Colonization: Aftershocks
- First edition
- Author: Harry Turtledove
- Cover artist: Viktor Koen
- Language: English
- Series: Worldwar and Colonization series
- Genre: Alternate history/Science fiction
- Publisher: Del Rey Books
- Publication date: January 30, 2001
- Publication place: United States
- Pages: 496
- ISBN: 0-345-43021-2
- OCLC: 45794623
- Dewey Decimal: 813/.54 21
- LC Class: PS3570.U76 C63 2001
- Preceded by: Colonization: Down to Earth
- Followed by: Homeward Bound

= Colonization: Aftershocks =

2001 novel by Harry Turtledove

Colonization: Aftershocks is an alternate history and science fiction novel by Harry Turtledove. It is the third and final novel of the Colonization series and the seventh installment in the extended Worldwar series.

==Plot==
In 1965, the nuclear war between Nazi Germany and the Race ends with a German surrender after Ernst Kaltenbrunner, the Führer, is killed. He is replaced by Walter Dornberger, who agrees to disband the Axis Forces, withdraw German troops from Occupied France, and disband the German rocket and nuclear forces.
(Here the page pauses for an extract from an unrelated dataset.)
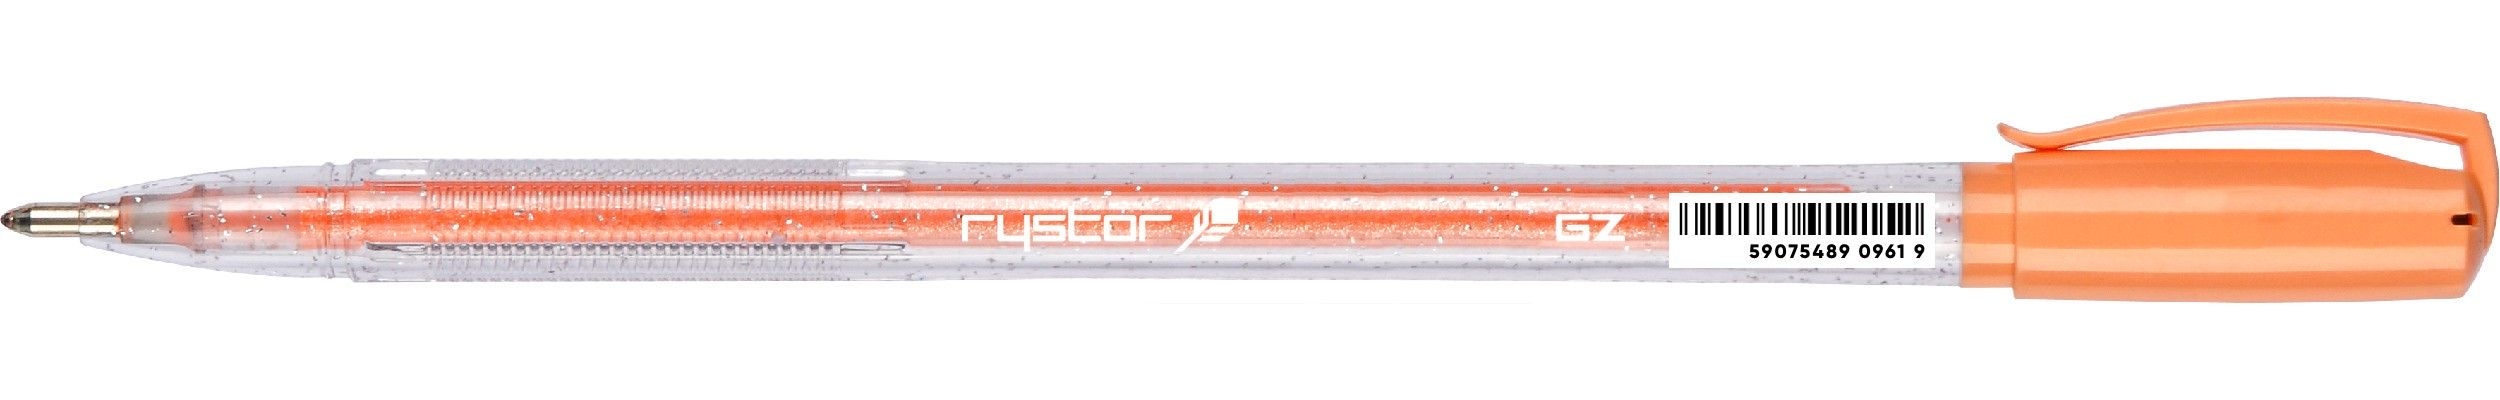 GZ Gel Pen

The German withdrawal results in instability in the governments of its allies, such as the British Union of Fascists, led by Oswald Mosley, in the United Kingdom; clashes between the Free French Forces and the new government of liberated France; and radioactive fallout drifting into the Soviet Union. However, Dornberger secretly begins stockpiling weapons and missile parts, allowing Germany the option to rearm itself in the future.

Meanwhile, the nuclear attack on the Race's colony fleet from Second Contact is finally revealed. It was an American attack, ordered by US President Earl Warren. When it is revealed, Fleetlord Atvar gives Warren a choice: dismantle the American space program, or allow the Race to nuke Indianapolis, Indiana, for revenge. To the surprise of all, Warren allows the Race to destroy Indianapolis and then kills himself, with US Vice President Harold Stassen taking over. It is eventually stated that the reason Warren allowed the city to be destroyed over the space program was that the Americans were working on a starship that would allow them to journey to the Race's homeworld and to repay their visit to Earth.

Meanwhile, the Race itself undergoes large social unrest, due to the effects of ginger on their females. Drug addiction, the black market, prostitution, and the practice of marriage all arise from it, along with a reproductive system that is unregulated, much like that of humans.